Franken-Scala for Big Data
Scala for big data and data science has very little in common with the rest of the Scala ecosystem. They do share the same base language but the style and the concerns are very different.
For example, let’s take JSON parsing: while a classic Scala developer will probably favor code robustness and expressivity in JSON parsing and choose a library like Circe, when writing a big data job dealing with billions of one-level depth JSON documents you will probably favor performance and memory consumption and choose the fastest JSON parser for (probably) Java you can find!
In a general way, when I work on a Scala program I encode as many constraints as I can into my type, and when my program compiles it usually works or at least I am very close to getting it right! However when working on a Scala Big Data job, making it compile is usually easy but it can take days to make it run properly on a Hadoop cluster!
This is because there is so much accidental complexity in using Scala (or Java) when developing a big data job on Hadoop. From all the magic around serializing to the network, to classpath issues, to file formats, etc.
This turns out to be very comprehensible: most of the guarantees brought by Scala are destroyed at I/O boundaries. A Big Data job has a large, complex surface area in contact with the outside world, and this complexity dominates the problem.
Haunted by old patterns ghosts
Most developers coming to Scala don’t arrive wide eyed and innocent. They have usually years of programming practice behind them, and if they spent most of their career working in an imperative programming environment then they have learned a lot of patterns and “best practices” they now have to somewhat forget.
The classic question from a Java developer coming to Scala is: “ok so where is the framework for dependency injection?”. DI has become so important in Java that entire tools and solutions dedicated to the problem appeared. Not to say that it is not a problem in Scala,but usually simple solutions built around implicit contexts do the job and it is very rare and not very idiomatic to bring a DI framework to your Scala codebase — especially if it brings in mutability everywhere!

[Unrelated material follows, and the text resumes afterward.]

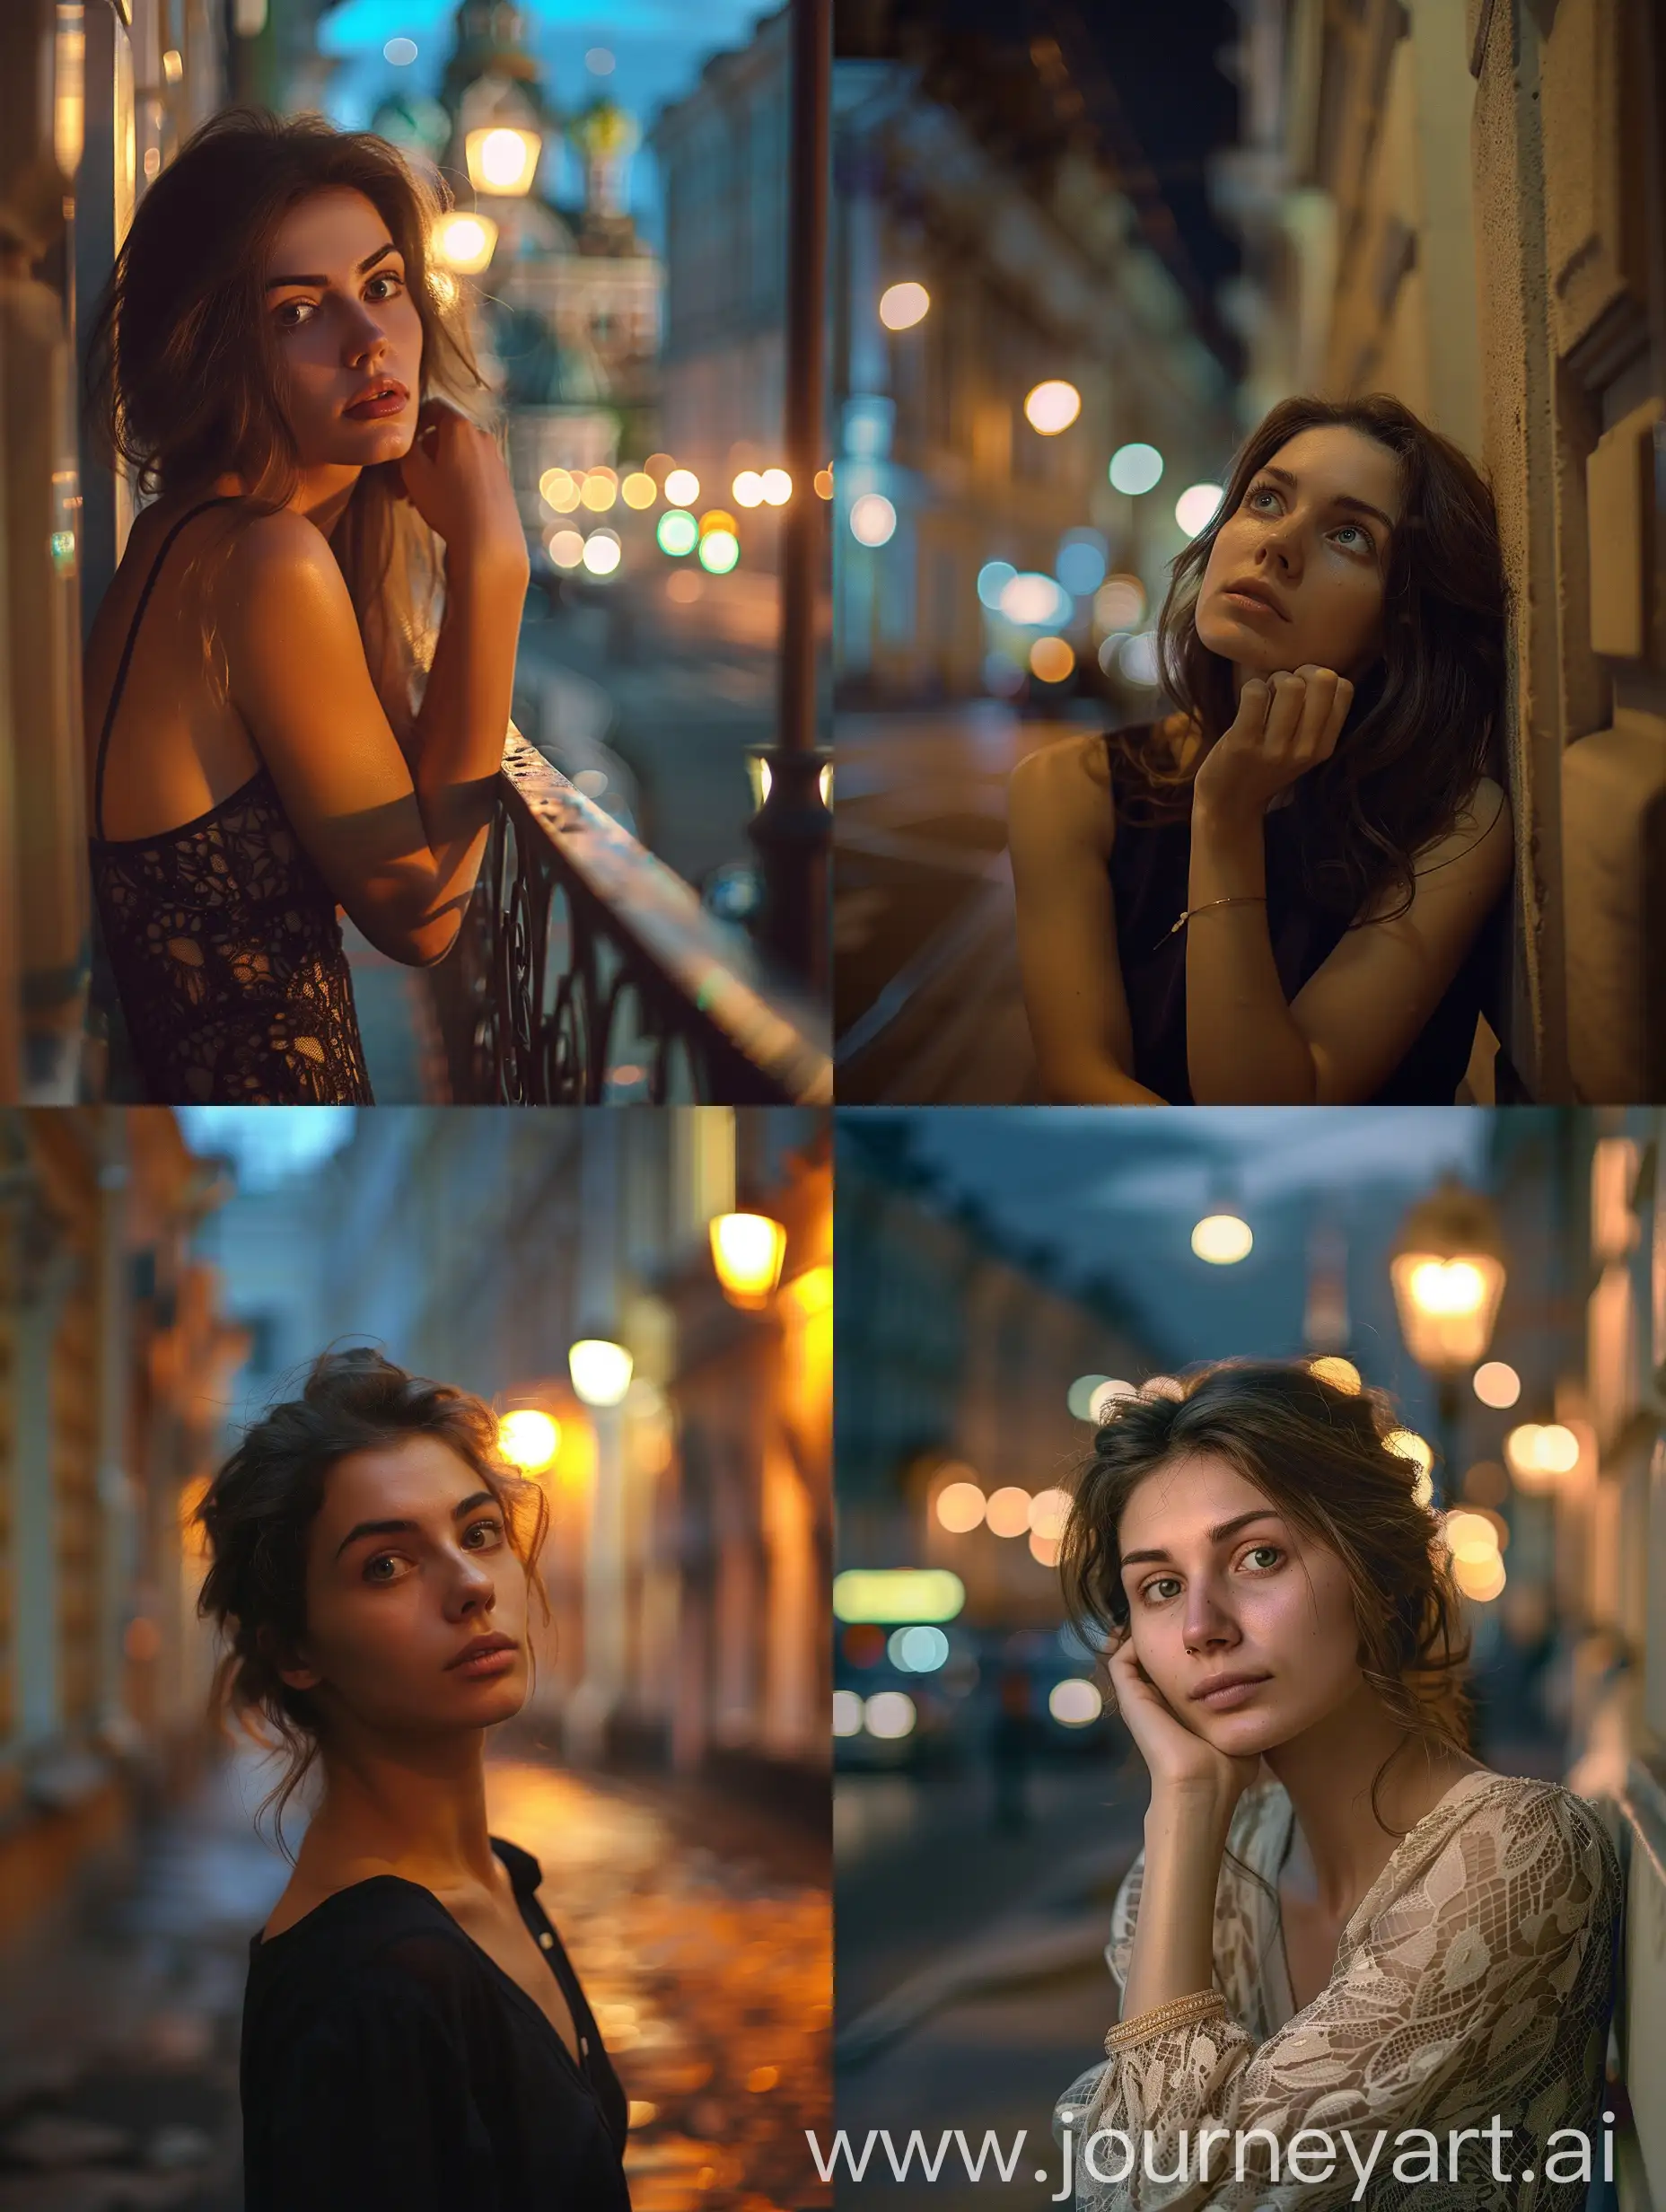 Pensive-40YearOld-Woman-Contemplating-on-Historic-St-Petersburg-Street-at-Night

We also often have the same kind of discussion around the use of (especially early) return that is often favored in Java and imperative programming but being a jump in the control flow, not idiomatic in Scala.
Desperately seeking the new right patterns
Eventually a newcomer in Scala and FP must forget a lot of the practices they have learned over time and so they seek the new “right” patterns to apply to their shiny new Scala problem.
Again there is a trap here as only experience can distinguish what is useful and what is not and which pattern to apply in which situation. Unfortunately, a lot of blog posts promising a lot of extraordinary new programming practices are quite appealing to fresh new eager to learn Scala programmers!
Scala being a very rich programming language with many experimental features also does not help. It takes a lot of time for a developer to know what to use, how to use it, and what is the proper style to adopt.
Fortunately it is easier to do in a team and to build a coherent style in a company as more and more Scala projects are born and die off.
Criteo is a real Scala shop!
Despite all the challenges of introducing functional code in a large software company as Criteo, we can say that today it is a real success and that Criteo is really a Scala shop. Scala is widely used for a large typology of projects, including the most demanding ones like serving more than 10 billion of on demand generated product pictures which is done by a Scala service distributed around the globe across all of our datacenters.
We also try to contribute back to the Scala community and to open source most of our Scala tooling like for example, Cuttle our job executer and scheduler, vizsql to parse and manipulate SQL queries or Babar to profile distributed applications running on Hadoop.